How to use

Unless otherwise stated, all examples will use the ncas-ceilometer-3 instrument as an example.

Create netCDF file

In its very simplest form:

import ncas_amof_netcdf_template as nant
ncs = nant.create_netcdf.main('ncas-ceilometer-3')

This will create a netCDF file with today’s date for all data products availalbe for the given instrument. If files for multiple products are made, the returned object will be a list containing all objects; if only a single file then just that netCDF file object is returned.

A netCDF file can also be created for a specific data product, rather than by a specific instrument.

nc = nant.create_netcdf.make_product_netcdf('surface-met', 'my-home-weather-station')

The file created in this example uses the surface-met data product definition, and requires the instrument name my-home-weather-station for the file name.

Dimensions

Dimension sizes need to be defined when creating a netCDF file. Dimension lengths can be provided to the create_netcdf.main function as a dictionary:

ncs = nant.create_netcdf.main('ncas-ceilometer-3', dimension_lengths = {'time':96, 'altitude':45, 'layer_index':4})

If dimensions aren’t given, Python asks for the dimension lengths to be given:

ncs = nant.create_netcdf.main('ncas-ceilometer-3')
Enter length for dimension time: 96
Enter length for dimension altitude: 45
Enter length for dimension layer_index: 4

Platform

The deployment platform, where the instrument was located while measuring data, is recorded in both the file name and as a global attribute. The platform names are controlled by CEDA. NCAS instruments that are primarily based at an NCAS observatory have the relevant platform associated with the instrument, but mobile instruments have the phrase “mobile” listed as the default platform, which needs to be changed.

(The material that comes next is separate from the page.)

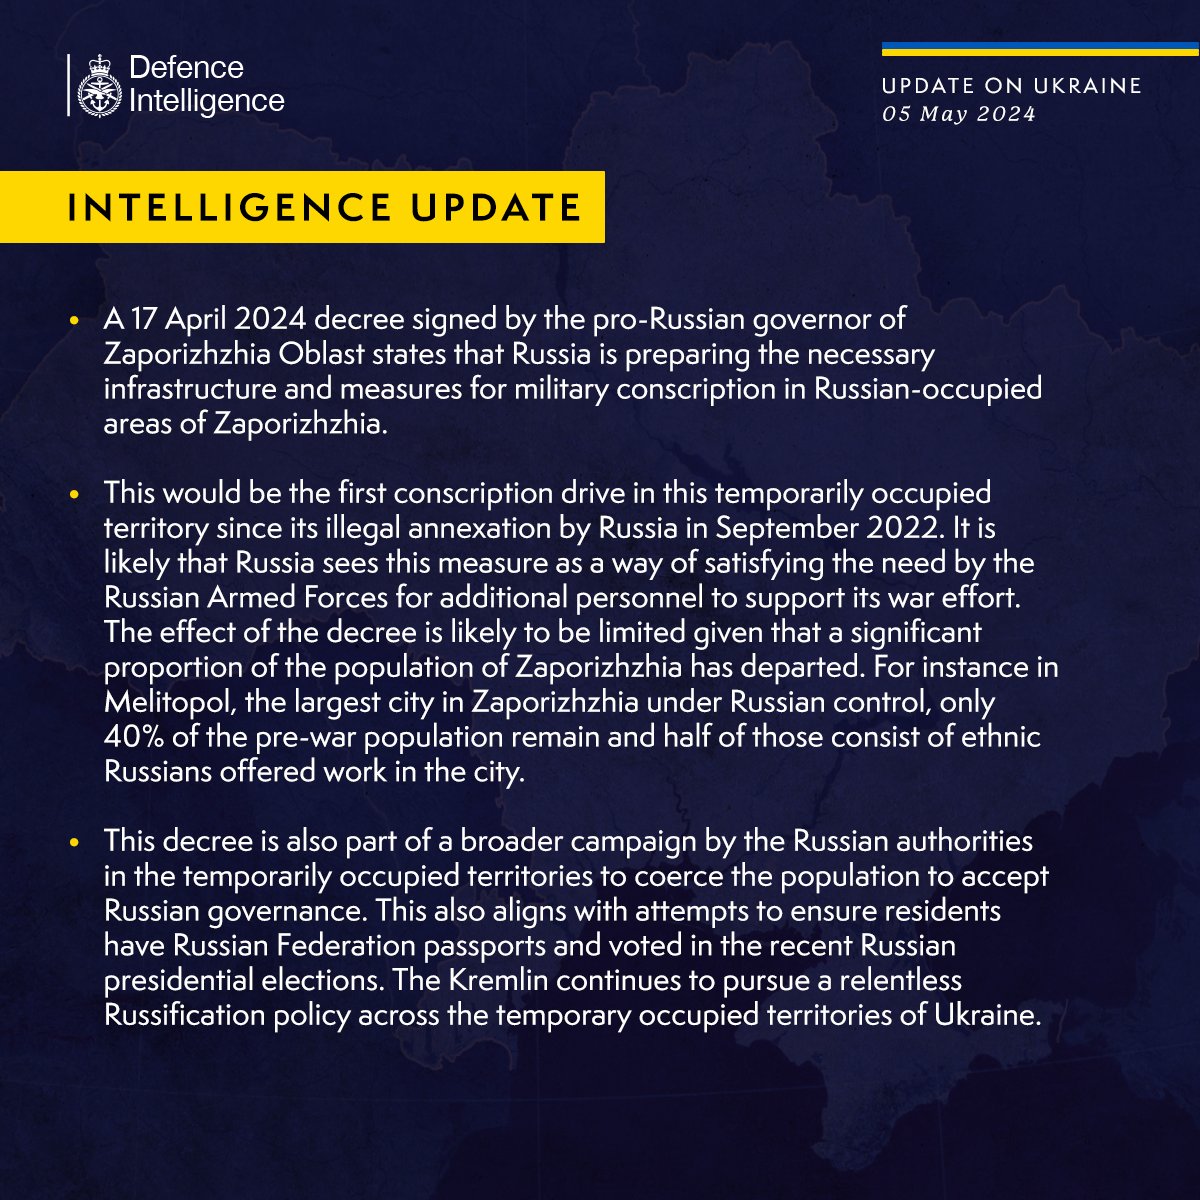 Latest Defence Intelligence update on the situation in Ukraine – 05 May 2024. Find out more about Defence Intelligence's use of language: ow.ly/z5Bq50RwAgB #StandWithUkraine 🇺🇦

Both the create_netcdf.main and create_netcdf.make_product_netcdf functions can take a platform argument, which sets or overrides the platform name to use:

nc = nant.create_netcdf.main("ncas-ceilometer-3", platform = "cao")

Date

The file-naming convention for the NCAS-GENERAL standard includes the date, and sometimes time, which the data within the file represents. By default, today’s date will be used in the file name. This behaviour can be overridden by giving the date to the create_netcdf.main function:

ncs = nant.create_netcdf.main('ncas-ceilometer-3', date='20220214')

Data Products

List available data products for an instrument:

nant.create_netcdf.list_products('ncas-ceilometer-3')

Alternatively, all possible data products can be listed if no instrument name is given.

A data product can be defined in the call to create the netCDF file:

nc = nant.create_netcdf.main('ncas-ceilometer-3', products = 'aerosol-backscatter')

Or multiple products can be defined by using a list:

ncs = nant.create_netcdf.main('ncas-ceilometer-3', products = ['cloud-base','cloud-coverage'])

Deployment Modes

NCAS instruments can be deployed in one of four deployment modes - land, sea, air, or trajectory. Each of these modes requires different dimensions and variables, and the deployment mode is recorded as a global attribute in the netCDF file. The default deployment mode is 'land'; however, an alternative deployment mode can be selected using the loc keyword:

ncs = nant.create_netcdf.main('ncas-ceilometer-3', loc = 'sea')

Output Location

The netCDF file will be written to the current working directory by default. To specify an alternative location, the 'file_location' keyword can be used:

ncs = nant.create_netcdf.main('ncas-ceilometer-3', file_location = '/path/to/save/location')

Offline Use

The information needed to create these netCDF files are stored in the AMF_CVs GitHub repository, and this package reads data from this repository when it is used. If the package will need to be used offline, the tsv product-definitions folder should be downloaded onto the computer, and the option use_local_files can be passed to functions such as create_netcdf.main with the path to the product definitions as the argument.

Other Options

All available options for this function can be found on this API page.

Add Data

After the netCDF file is created, the file then needs to be opened in append mode, and data can then be added to the file:

import ncas_amof_netcdf_template as nant
from netCDF4 import Dataset

# Read raw data into python
# ...
# backscatter_data = ...

nc = nant.create_netcdf.main('ncas-ceilometer-3', date='20221117', product = 'aerosol-backscatter')

nant.util.update_variable(nc, 'attenuated_aerosol_backscatter_coefficient', backscatter_data)

where 'attenuated_aerosol_backscatter_coefficient' is the name of the variable in the netCDF file, and 'backscatter_data' is an array containing the data. This will also update the valid_min and valid_max attributes for each variable where applicable.

Quality Control Flag Data

Quality control flags in the NCAS-GENERAL standard use flag_values and flag_meanings to convey the quality of the data. When adding data to a quality control variable, an error is raised if that data includes values not in the flag_values attribute.

Time

netCDF files that follow the NCAS-GENERAL metadata standard require a number of variables that correspond to time, or a portion of it, including (but not limited to) UNIX time, year, month and day. This module includes a function that will take a list of datetime objects and return the times in all the required formats.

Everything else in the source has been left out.